The aim of this study is to gain a better understanding of the impact of THA on lumbar lordosis in sitting and standing positions and the lumbar disc height stratified by osteochondrosis intervertebralis. Furthermore, the investigation highlights to what extent the lumbar intervertebral disc height is interrelated to the spinopelvic and spinal sagittal alignment.

Materials and methods

Patients undergoing elective primary THA were screened for study inclusion from September 2019 to November 2020 in a tertiary reference centre. The study was approved by the institutional ethics board (EA2/142/17) and is in accordance with the Declaration of Helsinki. All patients have given their written informed consent. Exclusion criteria were defined as any form of revision THA, a history of previous spinal fusion surgery at any level, ankylosing spondylitis, osseous metastases, any neurological condition affecting the posture, simultaneously bilateral performed THA and severe hip dysplasia with subsequent femoral shortening osteotomy.

Radiographic assessment

Radiological images were obtained using biplanar low-dose stereoradiography (EOS, Paris, France) within three days pre-operatively and five to seven days post-operatively. The included patients received standing and sitting radiographs from anterior–posterior and lateral, and the entire spine was imaged up to the proximal tibia. For the standing image, the patients were asked to stand as naturally as possible and to place their hands on an arm support of the EOS device with their arms relaxed. The subjects were instructed to sit on a height-adjustable chair without a backrest, and the chair height was adjusted till the thighs were parallel to the floor. The measurements were conducted by an orthopaedic surgeon using a Merlin Diagnostic Workcenter (Phoenix-PACS, Freiburg, Germany). In addition, a randomized 25% of the dataset were re-measured by an independent orthopaedic surgeon to evaluate interrater reliability. The recorded parameters were sagittal vertical axis (SVA, mm), pelvic incidence (PI, °), lumbar lordosis (LL, °), pelvic tilt (PT, °), sacral slope (SS, °) and PI-LL mismatch (PI-LL, °) (Fig. 1). The differences between the standing and sitting radiographic evaluation of LL (∆ LL = LL_standing − LL_sitting) were determined as lumbar flexibility.

Fig. 1.

Section of a standing sagittal EOS image of the lumbar spine, pelvis and hip joints (images A and B) are depicted. Image A illustrates the measurement method of the pelvic tilt (PT) and pelvic incidence (PI) in the standing position. Image B shows the measurement of the lumbar lordosis (LL) and the sacral slope (SS) in standing position

Osteochondrosis intervertebralis was graded according to a Kellgren and Lawrence adjusted score (grades 0 to 4) [27]. The highest grade of the classification regarding all levels of the lumbar spine was determined. For reasonable comparison, the patients were then divided into groups: mild or severe osteochondrosis intervertebralis. In the mild group, patients were assigned Kellgren and Lawrence grades 0 to 2. Severe osteochondrosis intervertebralis was defined as grades 3 and 4 according to Kellgren and Lawrence.

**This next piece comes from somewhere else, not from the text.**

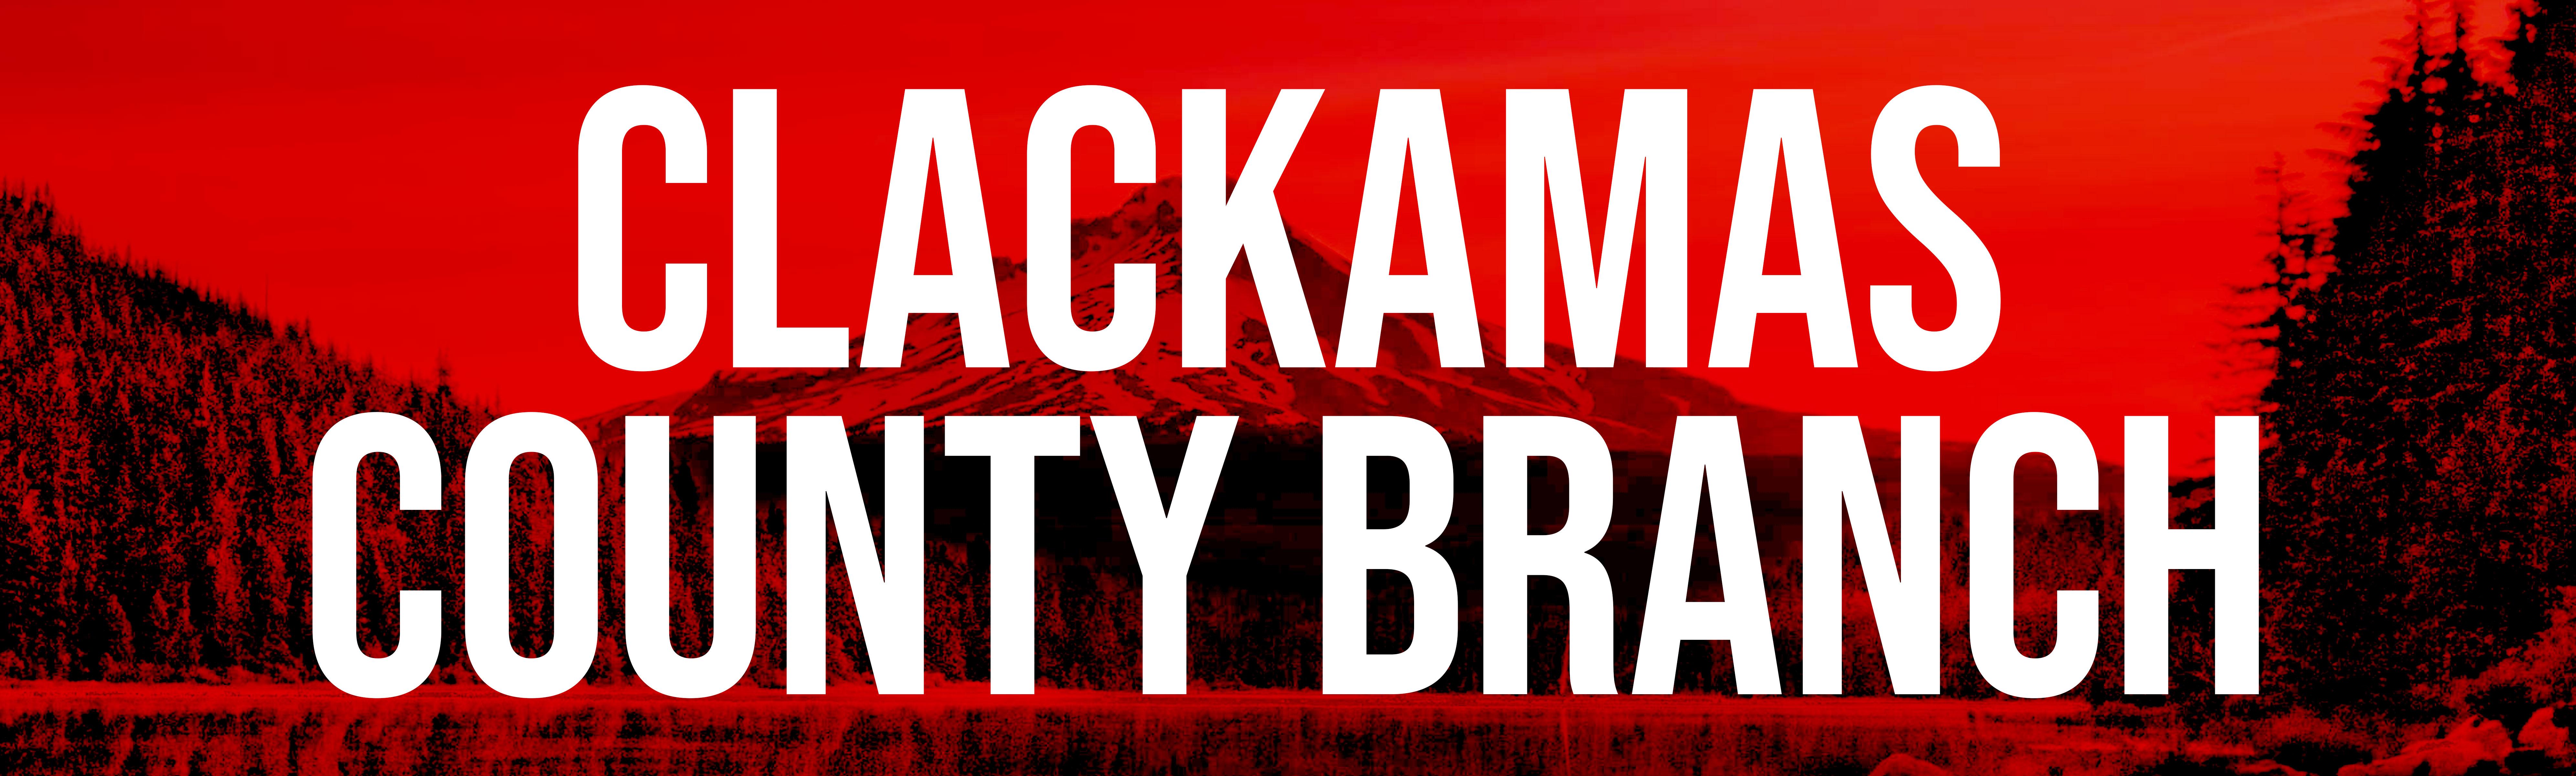 Clackamas County Branch

Measurement of the lumbar intervertebral disc height was performed according to an established method [28]. The following parameters have been collected to calculate the disc height index (DHI): the anterior disc height (Ha), the posterior disc height (Hp), the depth of the superior portion of the disc (Ds), and the depth of the inferior portion of the disc (Di). DHI was calculated based on the parameters obtained (Fig. 2).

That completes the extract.